■ Problem
Copy out each line of the entries where the word "free" is present.

(Dataset entries)

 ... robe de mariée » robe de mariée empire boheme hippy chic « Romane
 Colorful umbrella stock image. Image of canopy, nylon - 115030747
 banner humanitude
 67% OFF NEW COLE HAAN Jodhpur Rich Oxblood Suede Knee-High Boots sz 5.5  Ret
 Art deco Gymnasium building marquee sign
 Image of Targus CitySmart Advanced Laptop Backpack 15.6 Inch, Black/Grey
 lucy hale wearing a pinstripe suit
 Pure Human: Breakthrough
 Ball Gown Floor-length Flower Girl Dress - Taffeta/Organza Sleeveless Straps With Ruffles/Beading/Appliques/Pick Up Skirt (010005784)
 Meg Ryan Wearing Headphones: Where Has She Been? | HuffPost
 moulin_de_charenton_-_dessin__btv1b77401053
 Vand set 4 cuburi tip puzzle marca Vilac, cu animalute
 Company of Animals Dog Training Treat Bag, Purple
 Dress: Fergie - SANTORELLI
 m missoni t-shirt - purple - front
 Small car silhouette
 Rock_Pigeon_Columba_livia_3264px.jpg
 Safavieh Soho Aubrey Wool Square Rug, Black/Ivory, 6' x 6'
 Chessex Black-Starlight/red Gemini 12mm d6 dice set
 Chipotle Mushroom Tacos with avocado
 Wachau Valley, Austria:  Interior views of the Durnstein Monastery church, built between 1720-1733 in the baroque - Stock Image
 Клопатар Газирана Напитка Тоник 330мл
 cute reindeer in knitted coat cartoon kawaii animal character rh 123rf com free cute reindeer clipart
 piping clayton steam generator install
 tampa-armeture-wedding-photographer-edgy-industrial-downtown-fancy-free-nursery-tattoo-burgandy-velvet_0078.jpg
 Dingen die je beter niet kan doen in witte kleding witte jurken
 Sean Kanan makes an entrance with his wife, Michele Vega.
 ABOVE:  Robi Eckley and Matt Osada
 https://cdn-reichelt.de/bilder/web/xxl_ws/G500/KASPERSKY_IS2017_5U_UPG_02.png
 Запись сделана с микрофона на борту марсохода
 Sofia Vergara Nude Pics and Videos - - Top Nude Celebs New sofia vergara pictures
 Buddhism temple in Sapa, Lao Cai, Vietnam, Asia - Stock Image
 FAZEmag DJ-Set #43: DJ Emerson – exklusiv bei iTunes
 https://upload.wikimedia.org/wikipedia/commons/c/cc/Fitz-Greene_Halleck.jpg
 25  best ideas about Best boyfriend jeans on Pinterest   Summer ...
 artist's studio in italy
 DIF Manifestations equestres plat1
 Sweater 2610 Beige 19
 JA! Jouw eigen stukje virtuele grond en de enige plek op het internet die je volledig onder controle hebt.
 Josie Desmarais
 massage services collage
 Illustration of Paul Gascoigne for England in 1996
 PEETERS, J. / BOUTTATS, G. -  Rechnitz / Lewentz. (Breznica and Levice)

■ Expected answer
 cute reindeer in knitted coat cartoon kawaii animal character rh 123rf com free cute reindeer clipart
 tampa-armeture-wedding-photographer-edgy-industrial-downtown-fancy-free-nursery-tattoo-burgandy-velvet_0078.jpg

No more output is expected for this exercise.